A traffic mitigation fee required for construction of a single-family home did not amount to an “unconstitutional condition” in violation of the takings clause of the Fifth Amendment, and the County complied with the Mitigation Fee Act in assessing the fee. Sheetz v. County of El Dorado, No. C093682 (4th Dist., Oct 19, 2022).

George Sheetz challenged a traffic mitigation fee imposed as a condition to a building permit for a new home on his property. He argued that the fee violated the unconstitutional conditions doctrine applied in the land-use context by Nolan and Dolan and that the County violated the Mitigation Fee Act in adopting and imposing the fee.

Under the unconstitutional conditions doctrine, the government may not ask a person to give up a constitutional right — such as the right to receive just compensation for a taking — in exchange for a development permit where the condition has little or no relationship to the development. Under Nolan and Dolan, there must be an essential nexus between the exaction and the governmental interest sought to be advanced and the government must make an individualized determination that the exaction is related both in nature and extent to the project’s impact. In Koontz v. St. John’s River Management Dist., 570 U.S. 595 (2013), the Court held that the doctrine applies to development fees, which it found to be “functionally equivalent” to the property dedications involved in Nolan and Dolan.                                                                                         

The California Supreme Court has held that the requirements of Nolan and Dolan apply only to fees imposed on an individualized or ad hoc basis, not to fees that are generally applicable to a broad class of property owners through legislative action. Relying on this authority, the Court of Appeal concluded that the unconstitutional conditions doctrine did not apply in this case because the traffic fee was imposed under a legislatively authorized fee program that generally applied to all new residential development within the County.

In support of his Mitigation Fee Act claim, Sheetz argued that the County had improperly failed to evaluate the traffic impacts attributable to his specific project in violation of section 66001(b) of the Act, which provides that the “local agency shall determine how there is a reasonable relationship between the amount of the fee and the cost of the public facility or portion [thereof] attributable to the development on which the fee is imposed.” Relying again on prior caselaw, the Court of Appeal held that section 66001(b) applies only to adjudicatory, case-by-case decisions to impose a fee on a particular project, not to legislatively adopted fees such as the traffic fee in question.

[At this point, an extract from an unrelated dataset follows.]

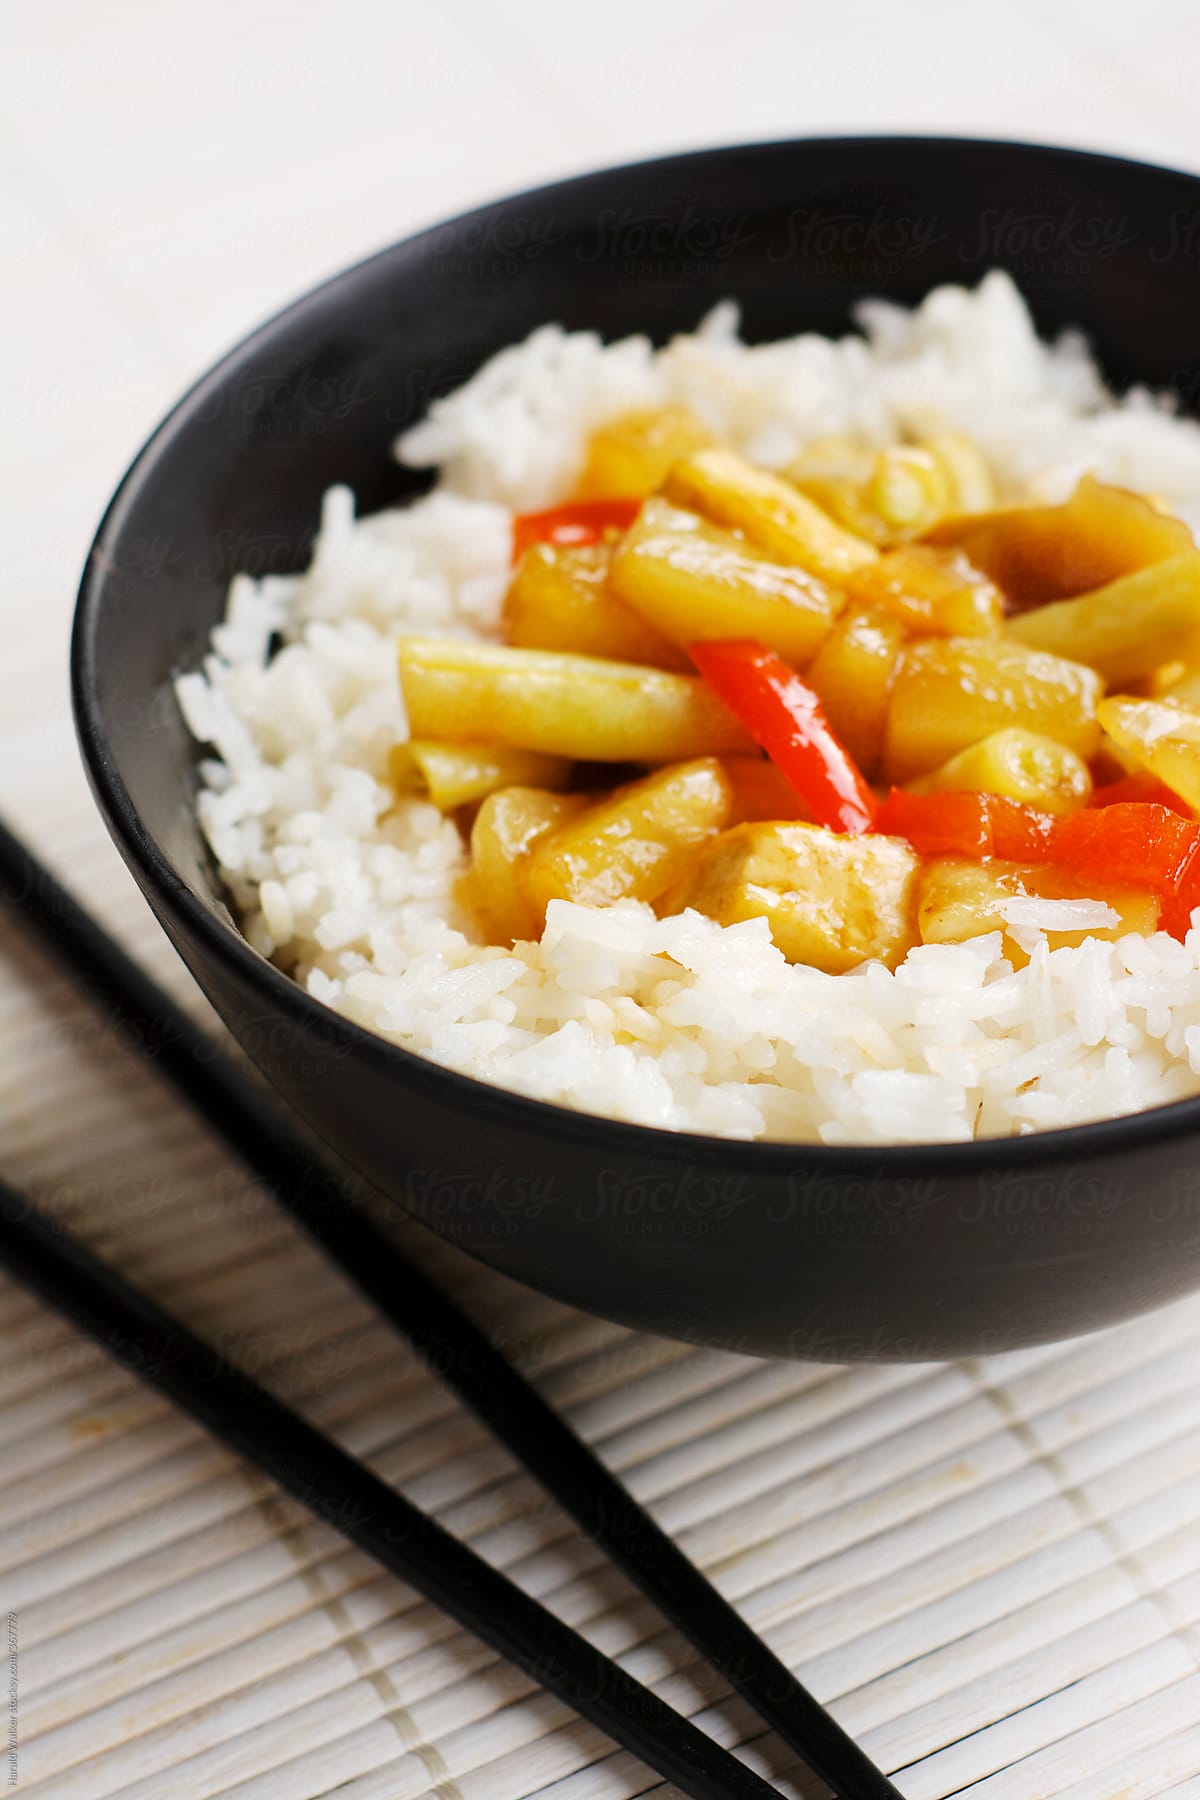 Sweet and sour tofu on rice

Assessing Sheetz’s broader claim that the County did not comply with the Mitigation Fee Act traffic in adopting and calculating the fee, the court found no error. The fee was adopted as part of the County’s 2004 General Plan, guided by policies designed to limit traffic congestion, including ensuring that roadway improvements were developed concurrently with new development. The fee was based on a transportation study that evaluated a range of factors, including the expected increase in traffic volumes (average daily vehicle trips) from each type of new development based on data published in the Institute of Transportation Engineers Trip Generation Manual, 7th Edition. The record reflected that the County considered the relevant factors and demonstrated a rational connection between those factors and the fee imposed. The limited portions of the record relied upon by Sheetz did not demonstrate that the fee was arbitrary, entirely lacking in evidentiary support, or otherwise invalid under the deferential standard applied to legislatively adopted fees.